_Input data_:

※ ※ ※

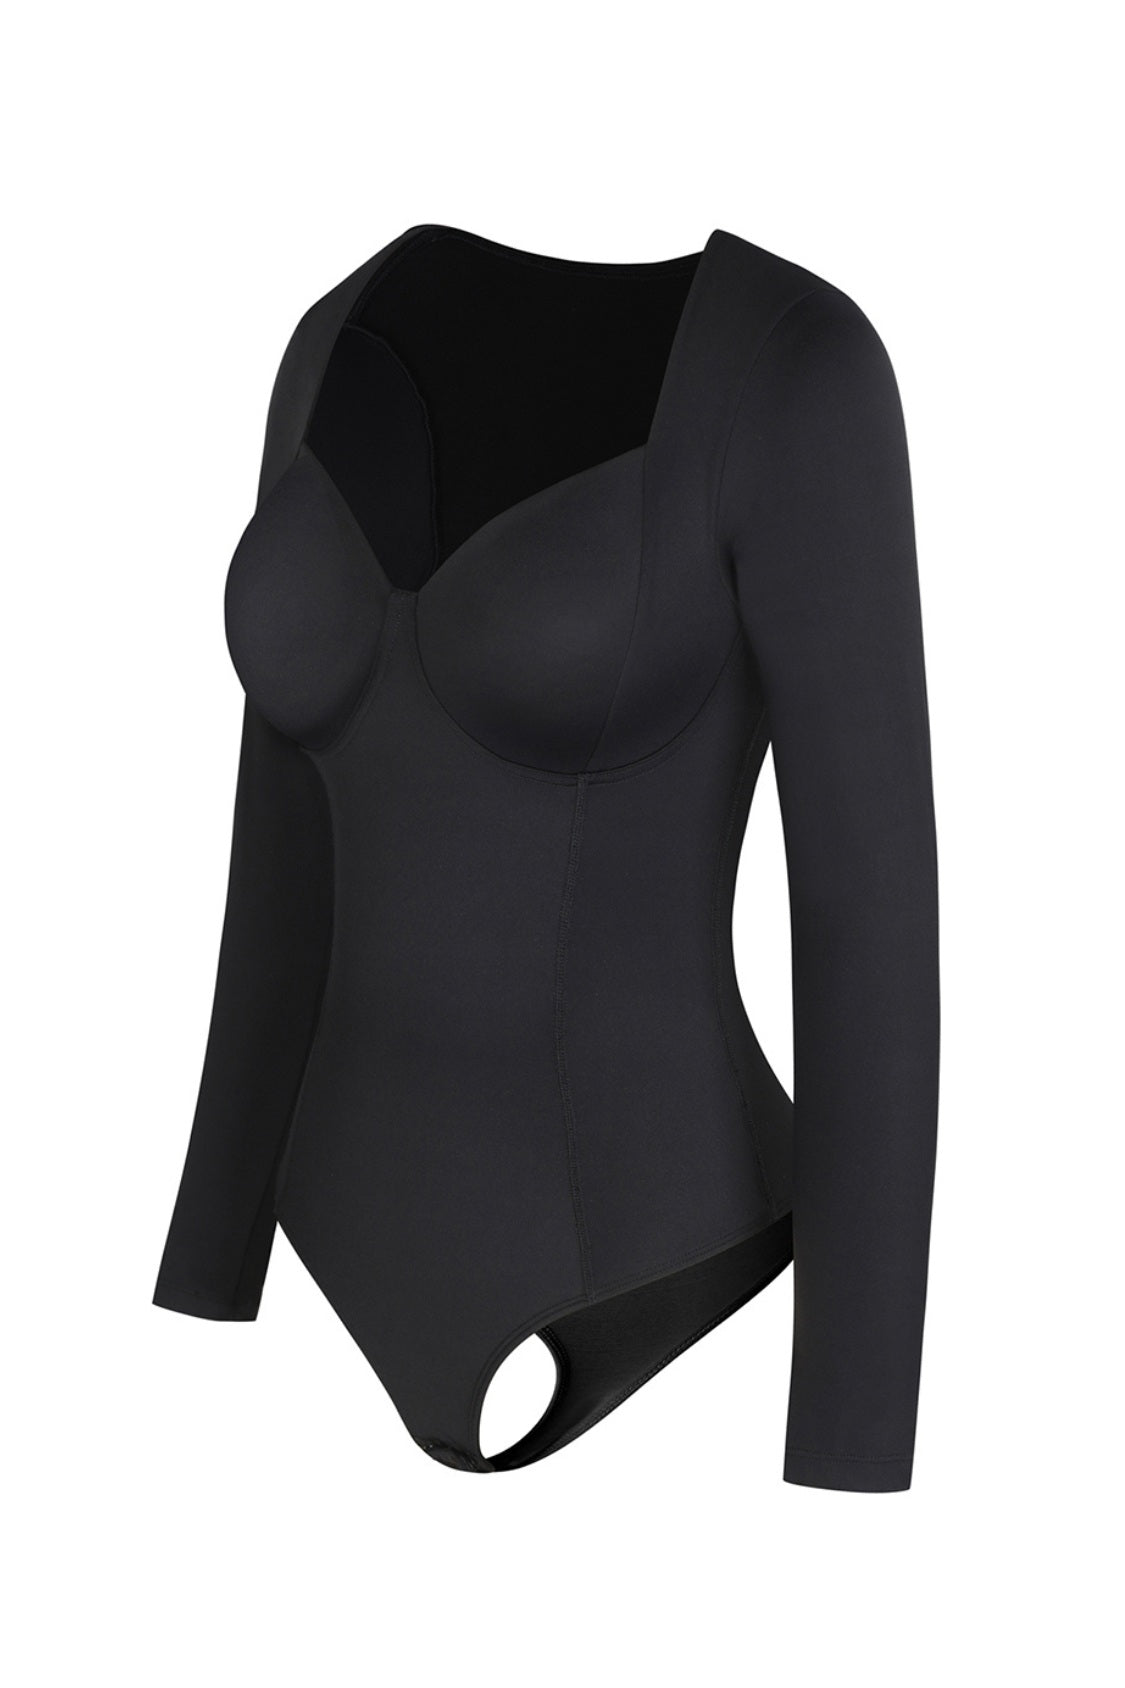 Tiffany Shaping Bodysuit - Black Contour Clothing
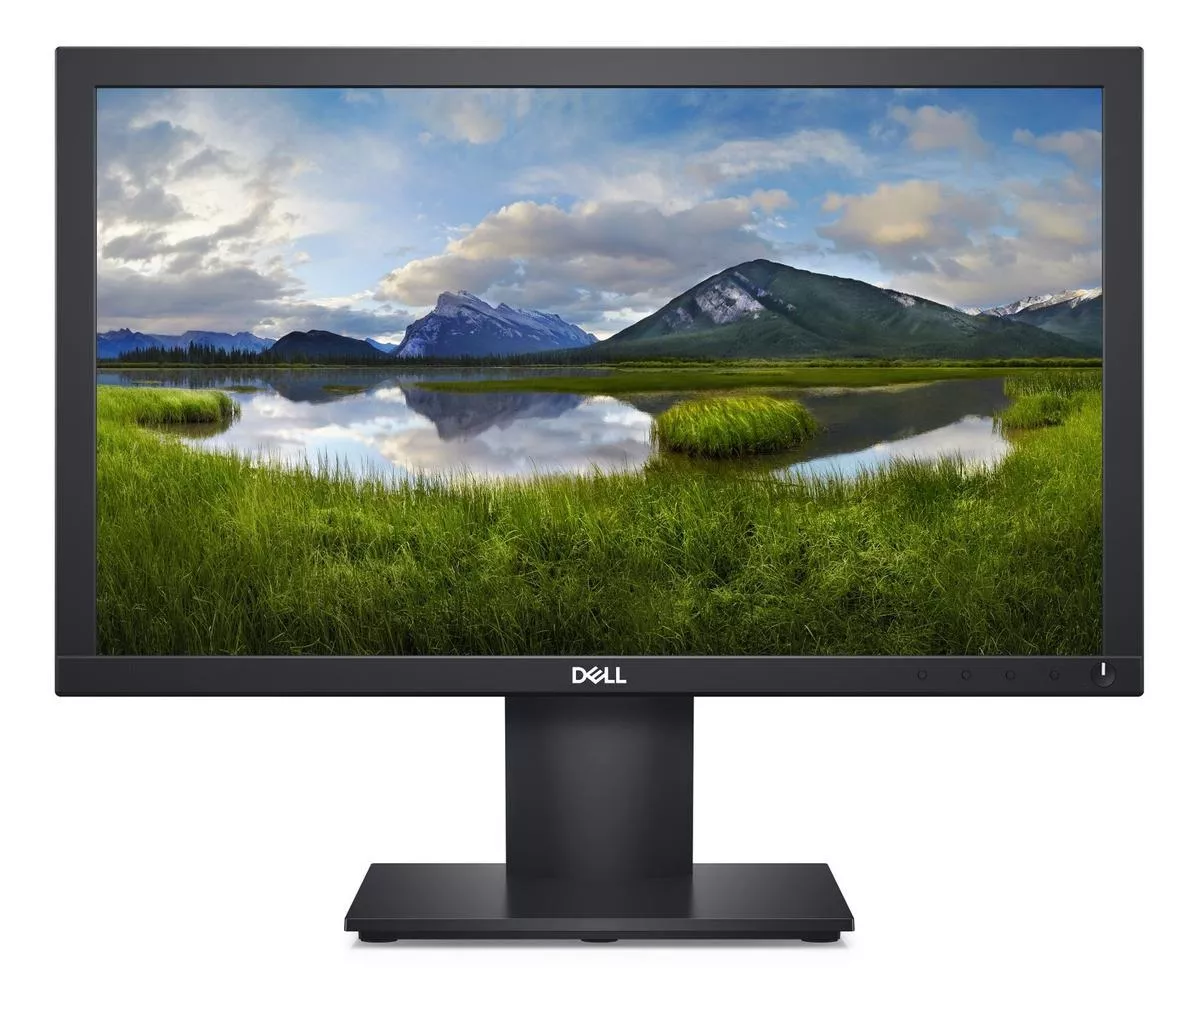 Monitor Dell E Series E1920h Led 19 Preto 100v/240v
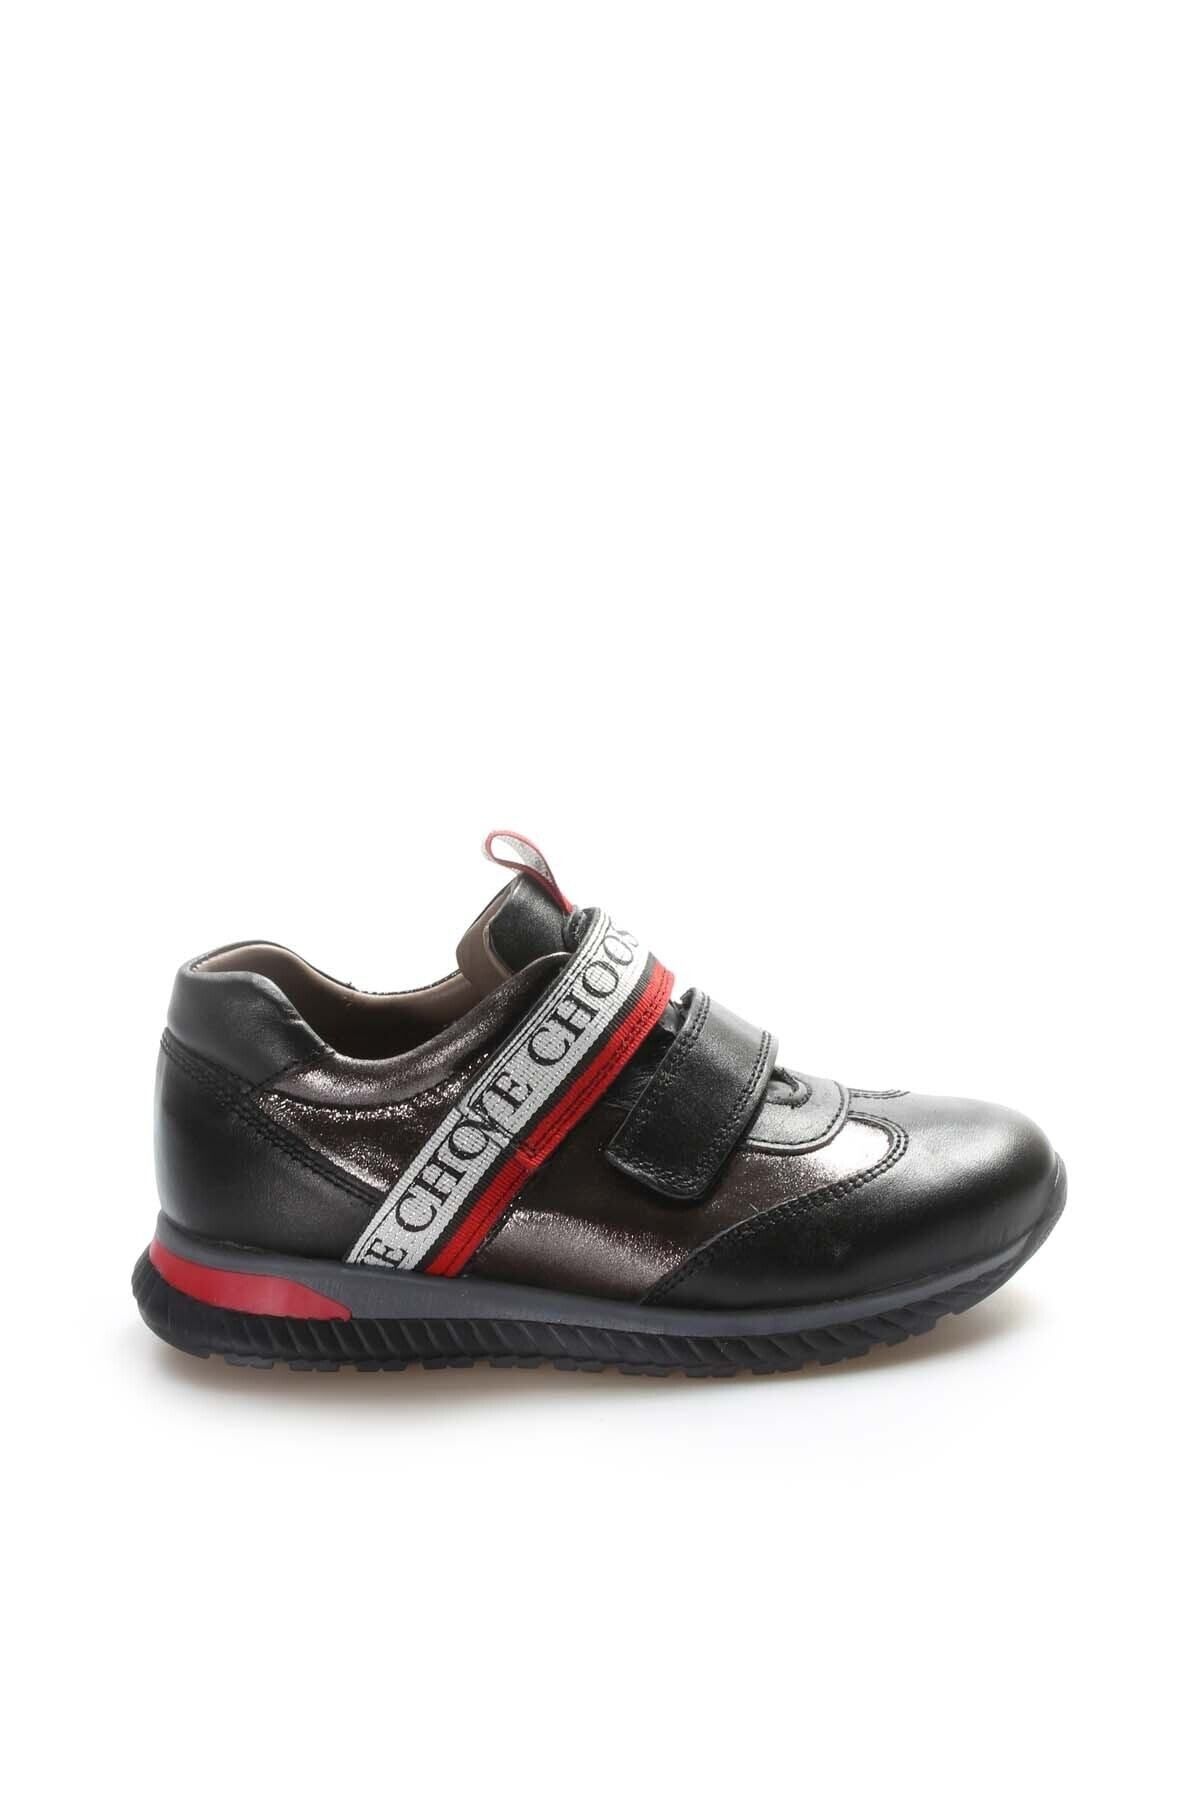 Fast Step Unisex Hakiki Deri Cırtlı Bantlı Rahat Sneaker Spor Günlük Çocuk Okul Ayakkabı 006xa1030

※ ※ ※

_What the exercise asks_: Write the lines above out again exactly, without any of their pictures.

_Answer section_:
 Tiffany Shaping Bodysuit - Black Contour Clothing
 Monitor Dell E Series E1920h Led 19 Preto 100v/240v
 Fast Step Unisex Hakiki Deri Cırtlı Bantlı Rahat Sneaker Spor Günlük Çocuk Okul Ayakkabı 006xa1030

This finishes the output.